=== Problem to solve ===
Could the data below please be reproduced word for word, without the pictures?

=== Data section ===
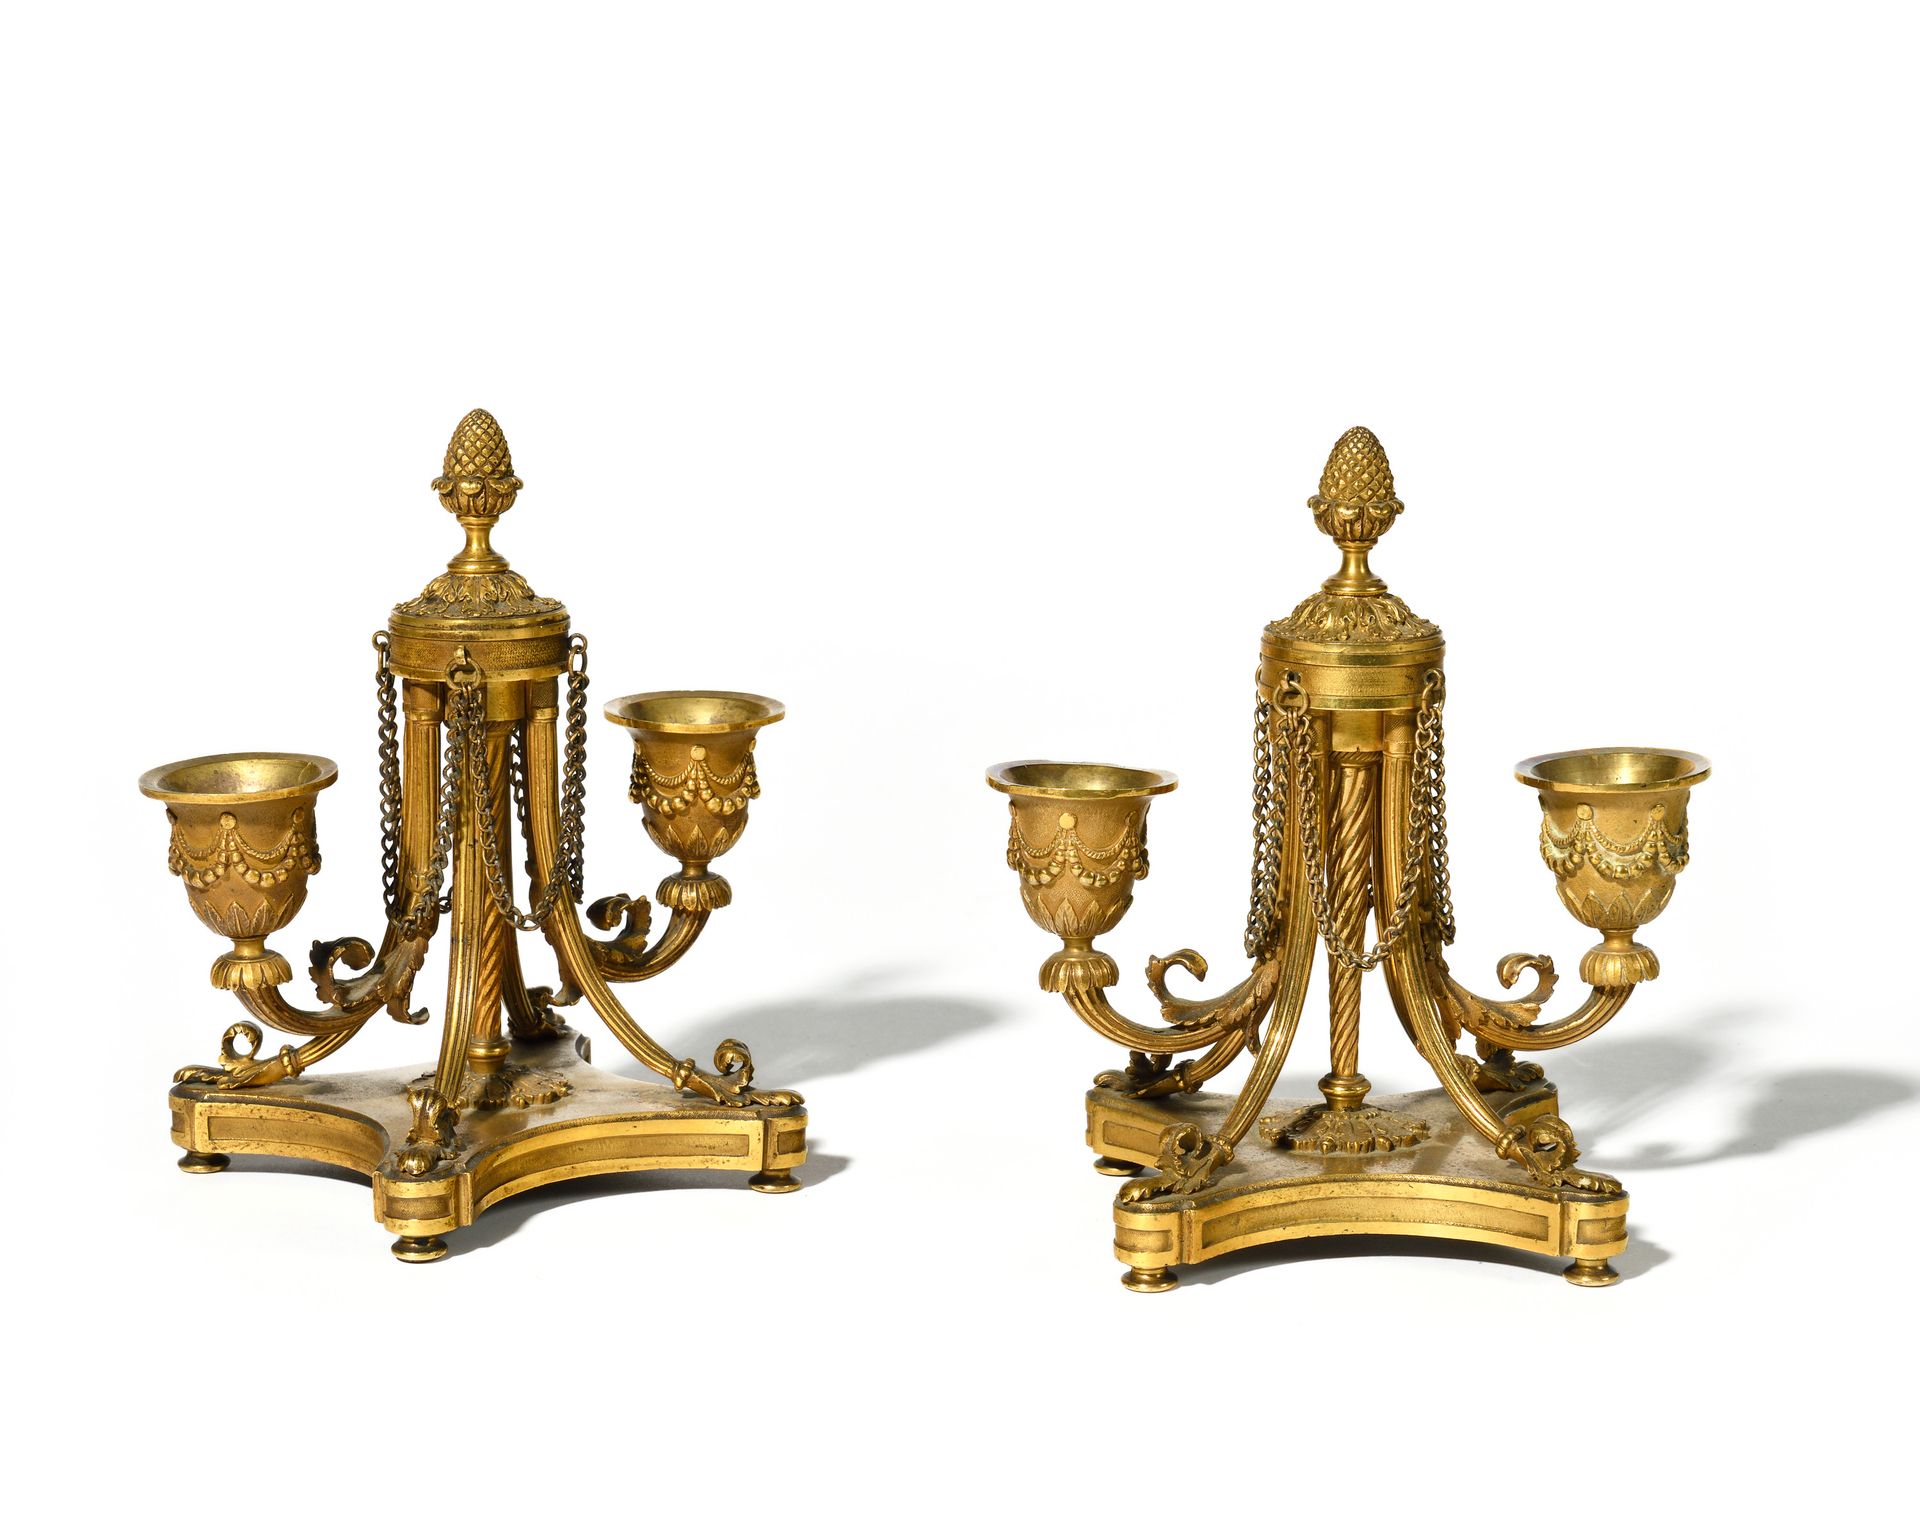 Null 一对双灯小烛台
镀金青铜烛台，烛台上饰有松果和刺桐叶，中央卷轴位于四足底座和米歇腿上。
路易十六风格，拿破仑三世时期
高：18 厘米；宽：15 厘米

=== Solved problem ===
 Null 一对双灯小烛台
镀金青铜烛台，烛台上饰有松果和刺桐叶，中央卷轴位于四足底座和米歇腿上。
路易十六风格，拿破仑三世时期
高：18 厘米；宽：15 厘米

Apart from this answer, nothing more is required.